30 September 2008

2 september: a revue


"yeah, i remember natalie holloway. how could i ever forget natalie holloway? she ruined our number one go-to destination."

"we're girls. we get omg."

"i'm glad to see he is consistent in his pursuit of small sandwiches."

"somehow no one called her out on that. how the hell do you know what a horse vagina looks like? what are you doing up there in milwaukee?!"

"it is my dream to bring something to the masses... i just don't know what exactly."

"it is a world of drear out there."

"it's so much more impactful when bad news is prefaced with 'hey girl!'"

"it's the decline of western civilization and i want a front row seat."

"white people love wayne brady."
"he's the white man's black man."

"when given a choice, always go with pacific islander."

"don't give me those eyebrows."

"i just wanted to know if you have any updates so i'm not left holding the bag of ignorance."

"as far as i'm concerned, condoms can just not exist when it comes to conversations with family members."

"apparently my eyes are very expressive so i'll keep them shut for a moment and you can get it on with stevie wonder."

29 September 2008

4 deductive reasoning & JEFF DANIELS

JEFF DANIELS sings.

JEFF DANIELS walks through doors.

i walked through a door with JEFF DANIELS.

i am now inexpressibly more special than everyone else
(except, maybe, JEFF DANIELS).

because JEFF DANIELS wouldn't walk through a door with just any girl.

because he's JEFF DANIELS.

28 September 2008

8 ruthless



my father's mother died 9 years ago tomorrow.

i've spent the past 9 years waiting for her to call me back.

grandma ruth. my first memories aren't so much of her but of the huge cardboard boxes she would send. boxes polluted by the cigarette smoke that hung in the air of her two-room trailer like the heat trapped in a parked car. they had to be detonated, opened and aired out on our door step. smoking cauldrons from whence homemade treasures and barbie dreamhouses would later emerge.
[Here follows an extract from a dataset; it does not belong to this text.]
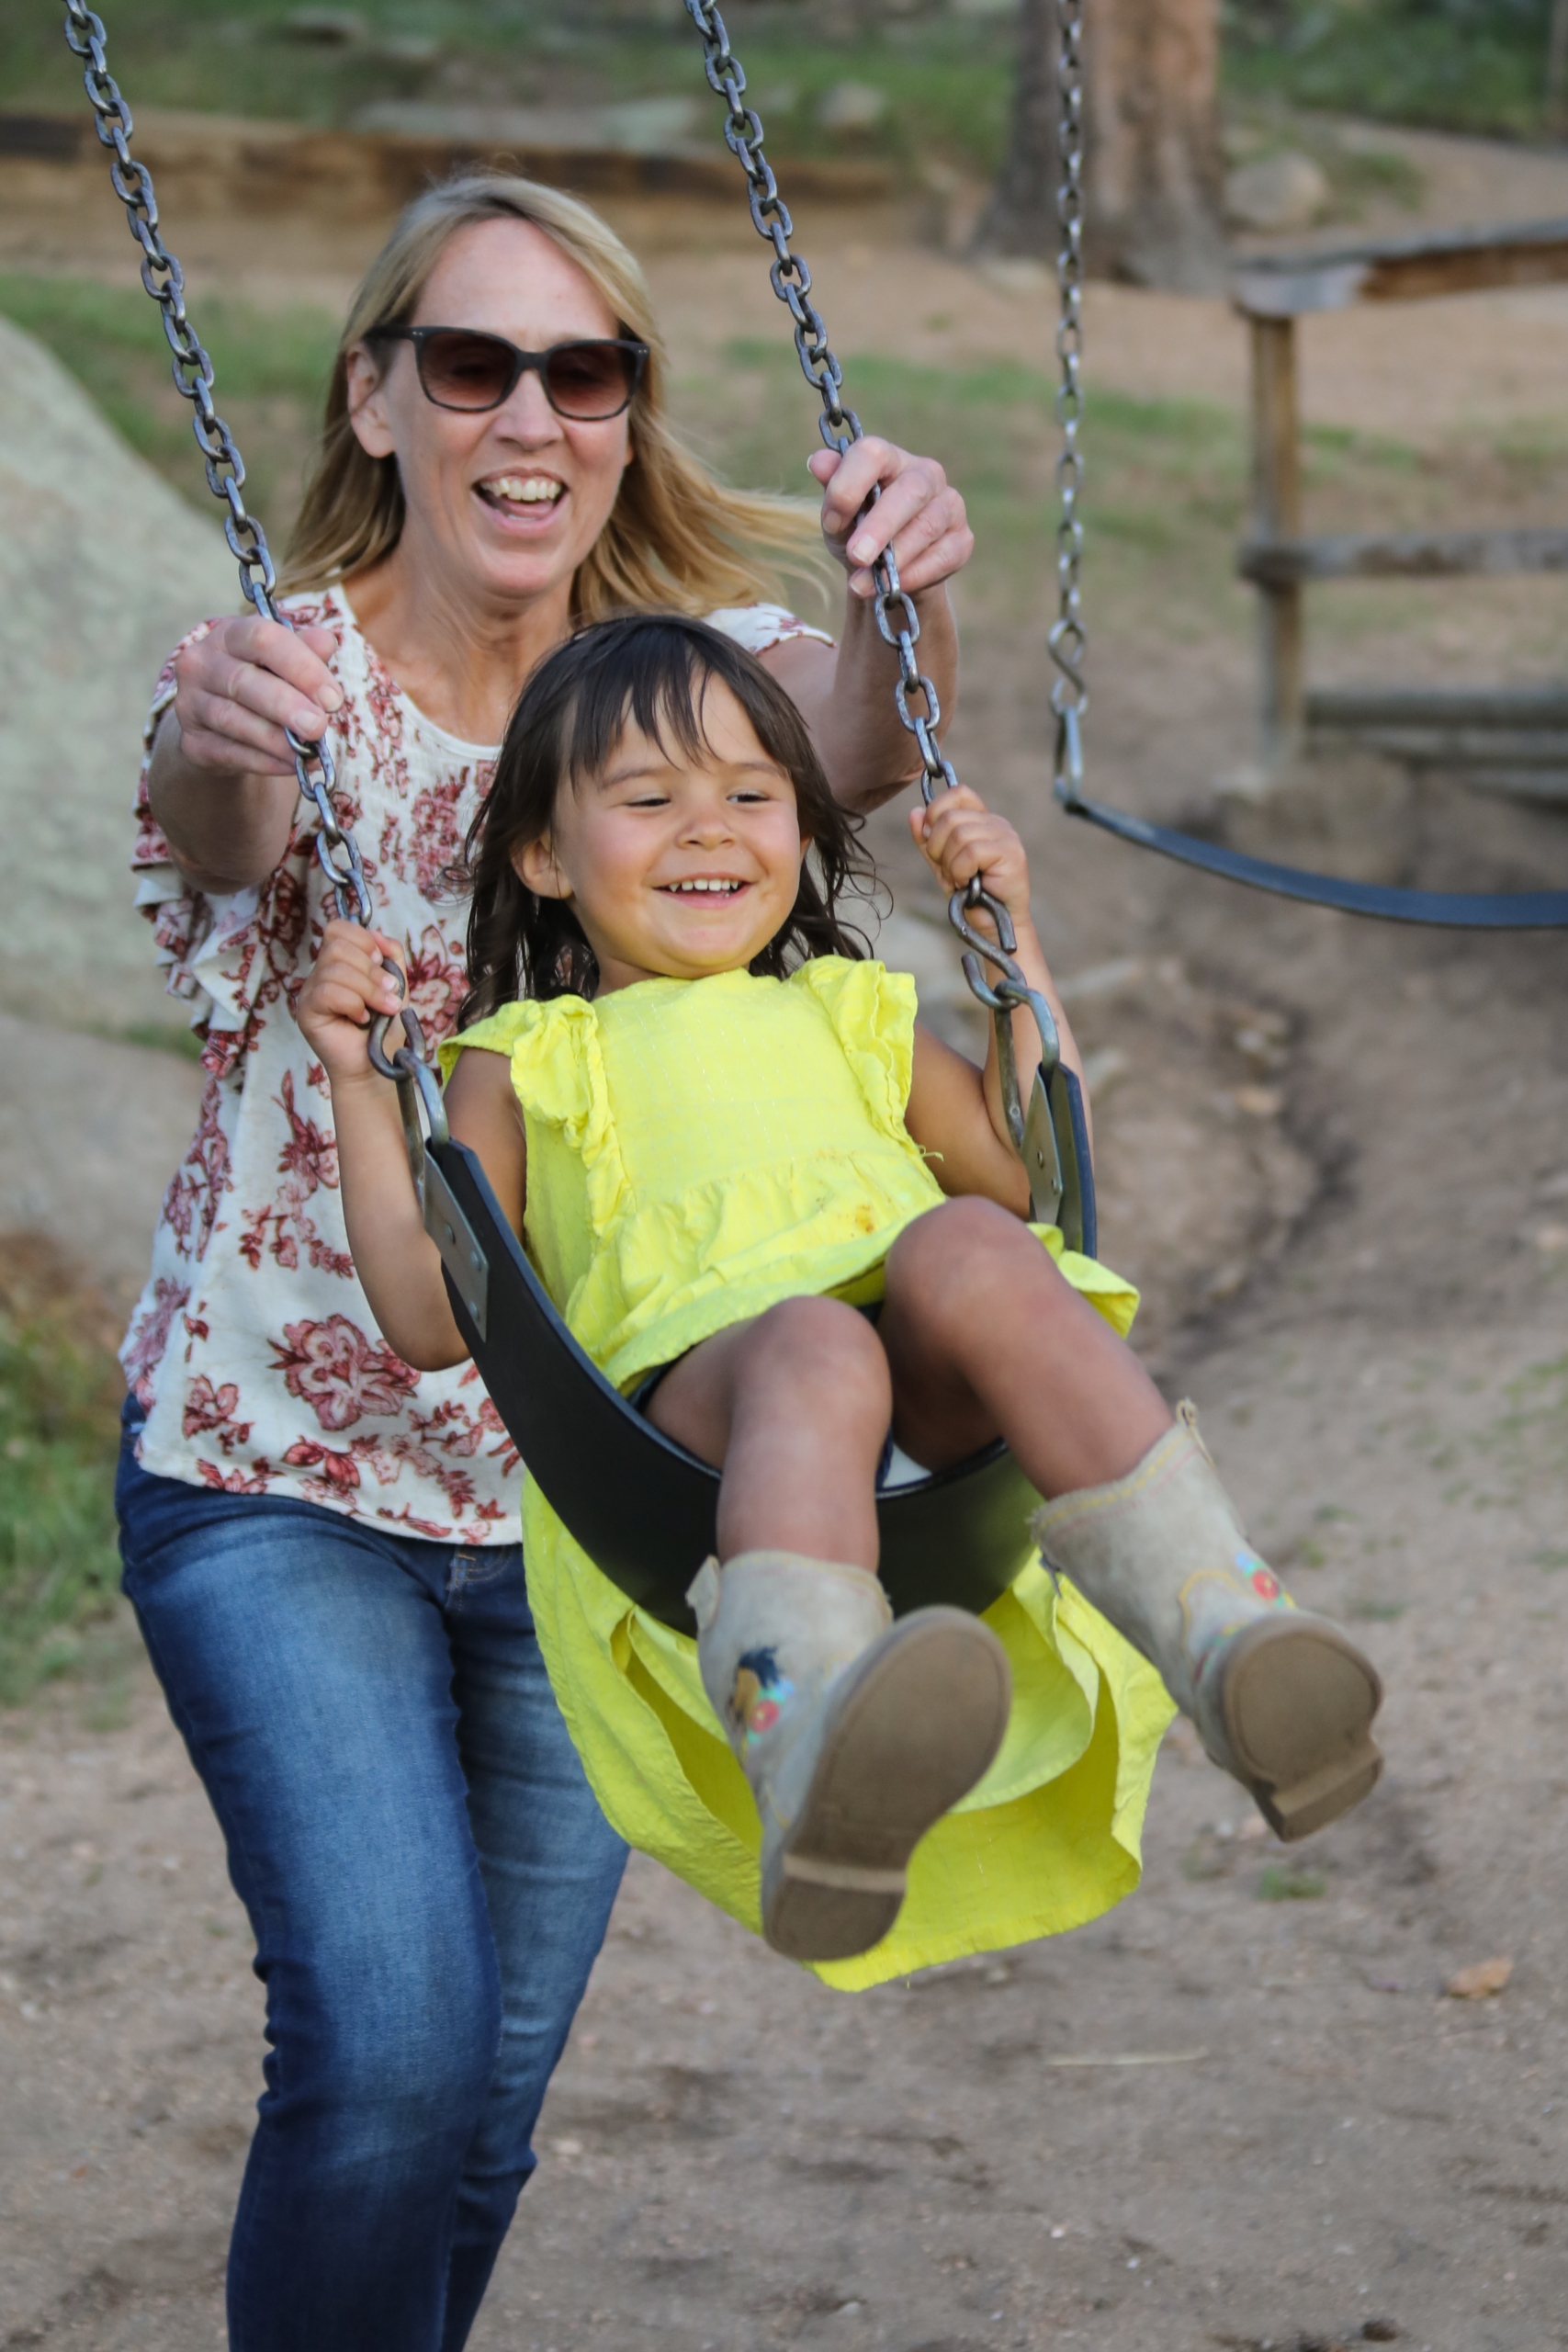 Adult pushing a child on a swing

things like that didn't happen at gran and paw-paw's, where we ate watermelons, played croquet, and held hands when we prayed. even then, it was so obvious. grandma ruth's world was worlds away.

she was my auntie mame. loud and colorful and divorced. she had been to greece. she said things you weren't supposed to say and she said them with sweeping, dramatic hand gestures. whenever she blew into town in aqua capri pants and a blaze of marlboro smoke, life seemed more exotic. birthday cakes melted. my hair was braided. we ate chinese.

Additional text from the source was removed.